6. In the year of transfer of the undertaking, the assessee has to furnish an accountant’s report in Form 3CEA along with the return of income indicating the computation of net worth arrived at and certifying that the figure of net worth has been correctly arrived at. Although the certification of computation is based on the information and explanations obtained by the accountant, the essence of the form is on reporting that the computation is ‘true and correct’ rather than ‘true and fair’.

7. In case of slump sale of more than one undertaking, the computation should be done separately for each undertaking. This is substantiated by Note 5 to Form 3CEA, which requires the computation of net worth of each undertaking to be indicated separately.

8. In case of slump sale in the nature of succession of a firm or a proprietary concern by a company, capital gains made on slump sale may be entitled to exemption u/s.47(xiii) and (xiv), respectively, provided the other conditions of these Sections are satisfied. In case of violation of conditions of S. 47(xiii) or (xiv) in any subsequent year, the benefit availed by the firm or the sole proprietor will be taxable in the hands of the successor company in the year in which the violation takes place as per S. 47A(3).

Besides, if the successor company violates the conditions of S. 47(xiii) or (xiv) by transferring that undertaking under a slump sale within three years of conversion, the undertaking will be classified as a short-term capital asset as per S. 50B. Then, the company would have to pay for the loss of tax benefit due to violation of conditions, as well as tax on the short-term capital gains arising on the slump sale.

9. Gains made by a foreign resident from the alienation of a permanent establishment or a fixed base in India by way of slump sale, shall be taxable in India as per S. 50B read with Article 13 (Capital Gains) of the UN/ OECD Model Convention on Double Taxation Avoidance Agreement.


The term ‘slump sale’ connotes the sale of an entire business undertaking, comprising of various assets net of liabilities for a lump sum or ‘slump’ consideration. Courts have held in a catena of judgments that the taxing authorities in case of a slump sale can not split the sale consideration and attribute it to different assets. Further, under the VAT and Sales Tax laws the term “business” is not covered under the definition of goods and accordingly no VAT implication would trigger on the transactions involving the transfer of business as a whole.
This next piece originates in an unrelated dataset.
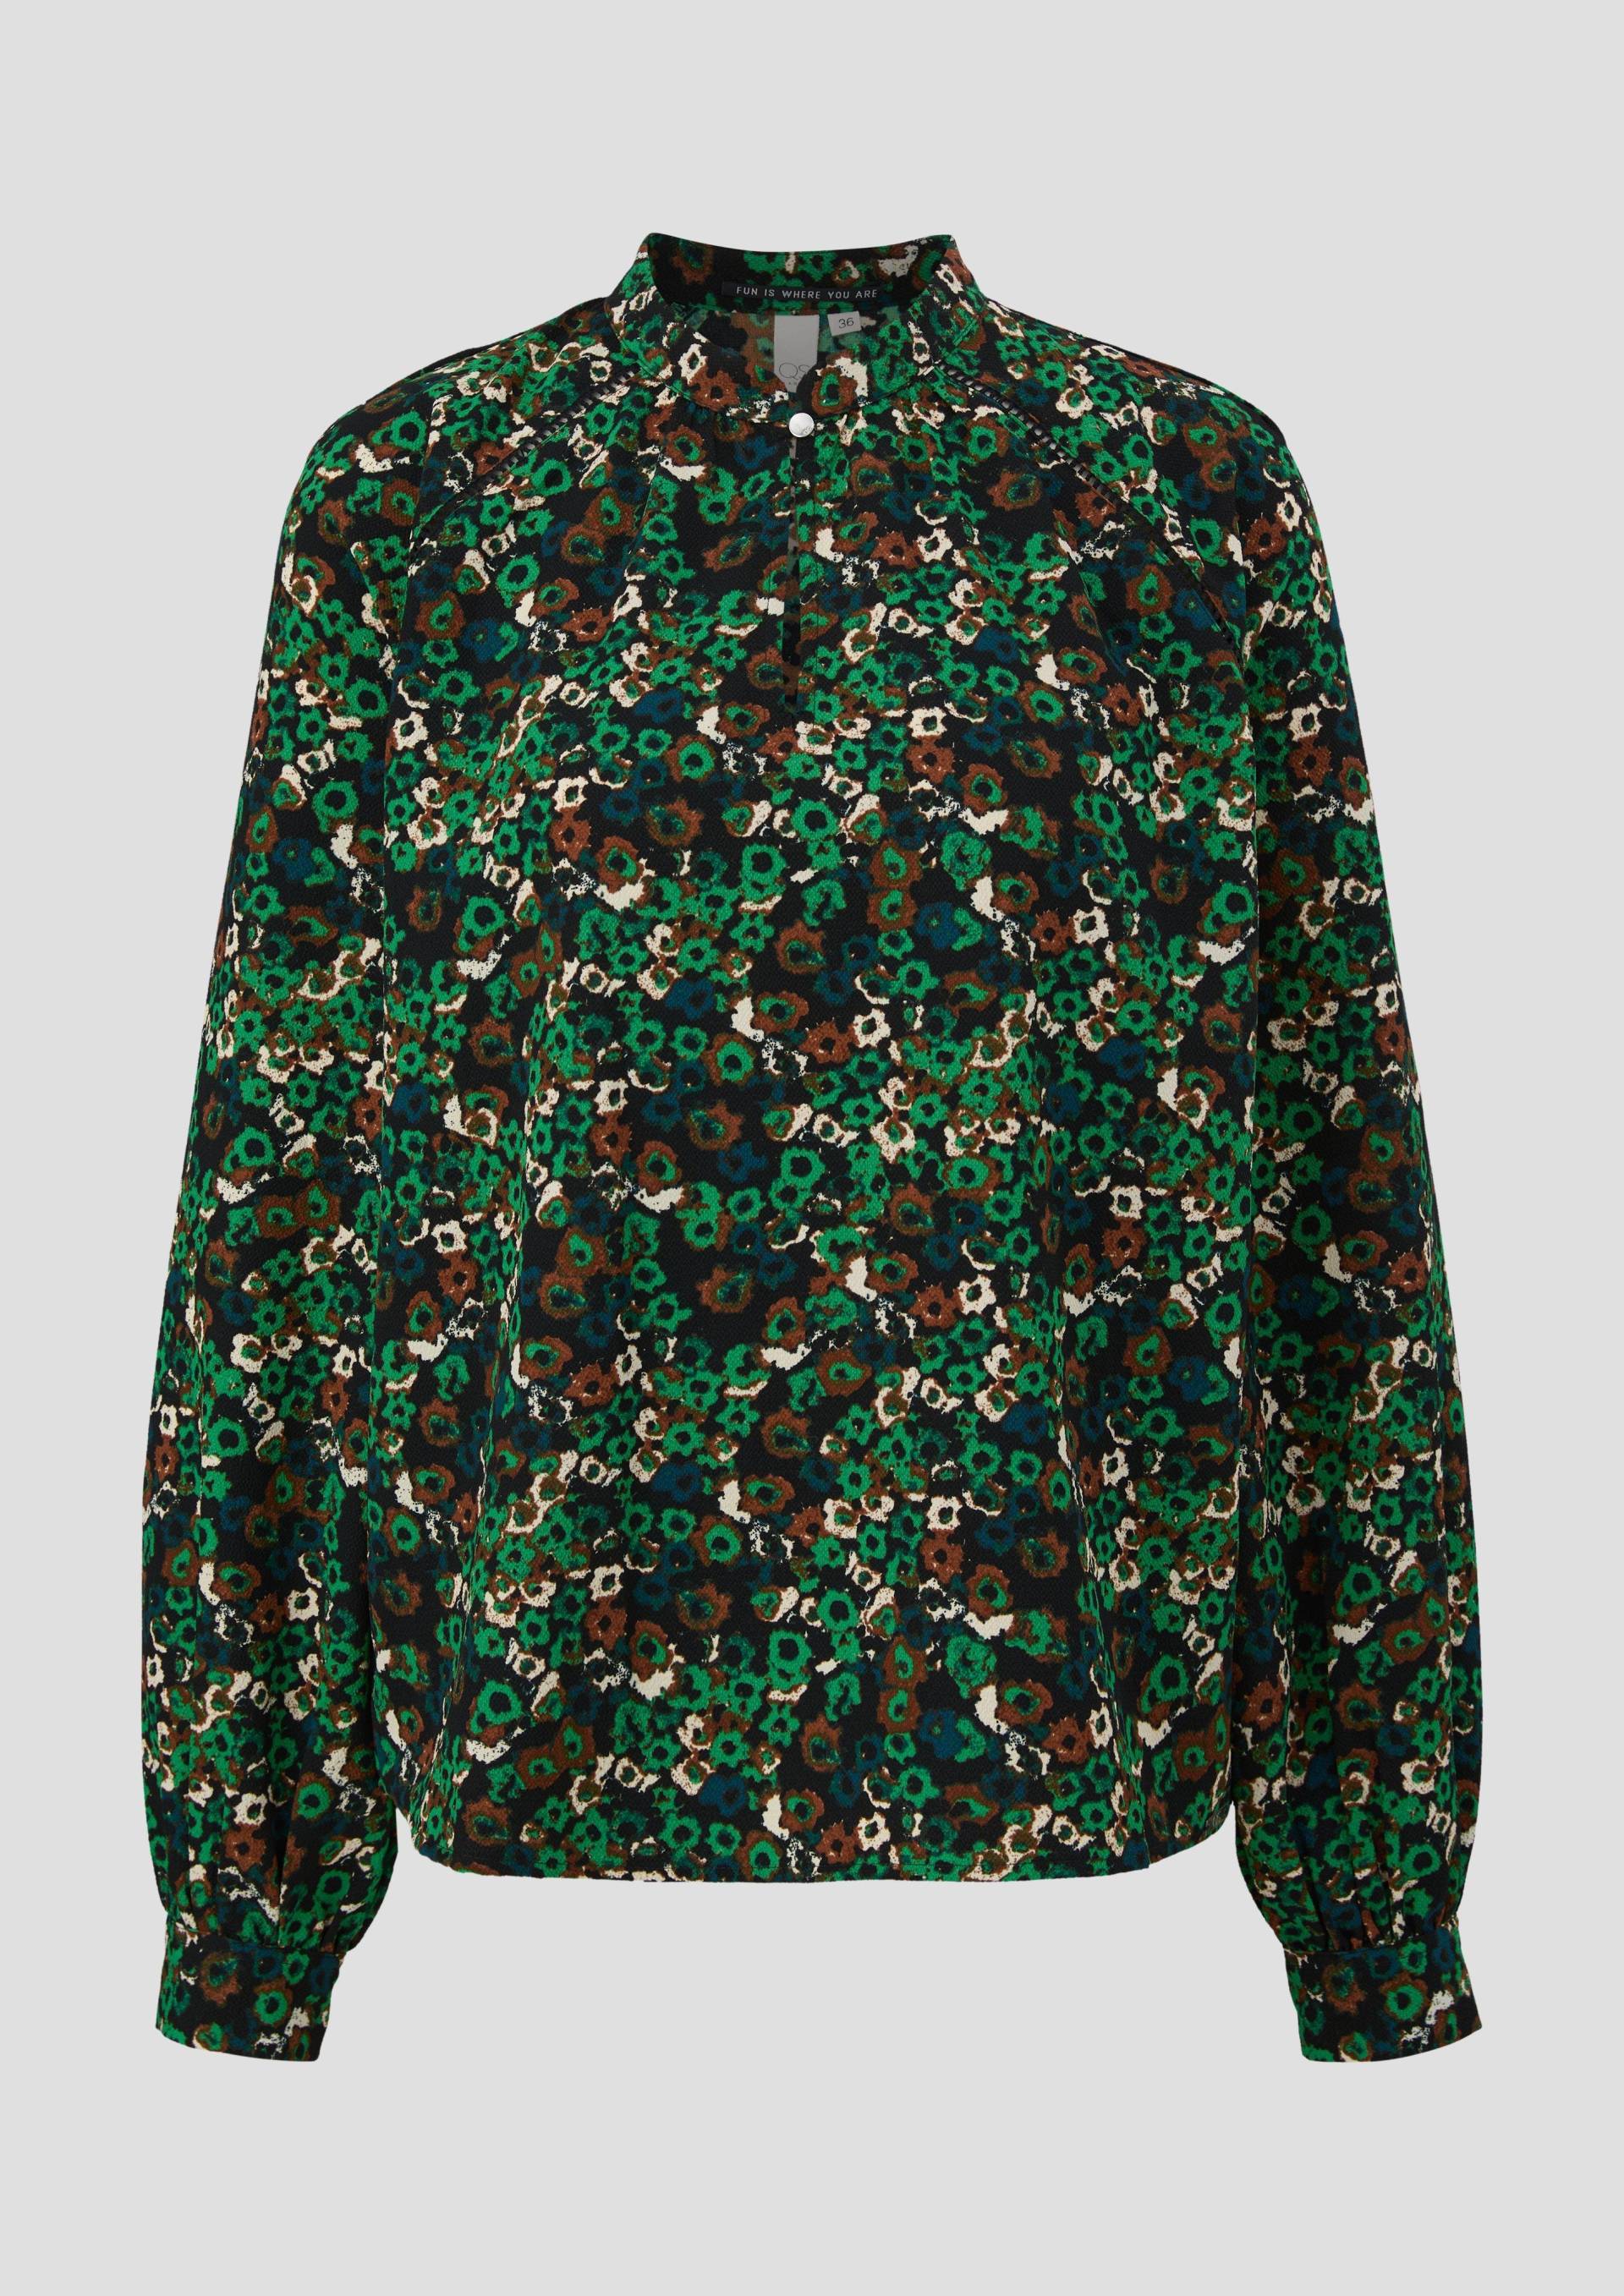 QS - Bluse mit All-over-Print, Damen, grün von QS

The Allahabad High Court also upheld the same view in the case of Sri Ram Sahai vs. Commissioner of Sales Tax (1963) 14 STC 275 (All) and the Madras High Court in the case of Monsanto Chemicals Of India (P.) Limited V. The State of Tamil Nadu (1982) 51 STC 278 (Mad).

In the case of Coromondal Fertilizers Limited vs. State of AP and Spectra Bottling Co. v. State of AP,(1999) 112 STC 1 AP also the High Court of Andhra Pradesh held that sale of business would not be construed as sale in the course of business and hence would not be subject to sales tax.

If the position was reasonably clear-cut that a sale of a factory would attract only stamp duty and would not attract VAT, that would probably be acceptable to industry. However, all such transactions have several items of plant that are embedded in the ground and many other items that are movable in the factory. Even with respect to the items that are embedded in the ground, there would be many that can easily be removed and transported to any other location if required.

Therefore, a person entering into such a transaction has to face considerable uncertainty on the extent to which VAT is applicable on the transaction, along with the prospect of double taxation, since stamp duty would also be applicable.


As discussed in the previous section, no sales tax payable on the transfer of a business as a going concern, including the transfer of a whole unit or division of any business under the value-added tax laws or the local sales tax laws. This is based on the rationale that the sale of an entire business cannot be equated with the sale of movable goods, the latter being subject to sales tax. The prevalent view in relation to sales tax in the case of a slump sale is that such sale would not attract sales tax since a business is not considered to be “goods” under sales tax laws.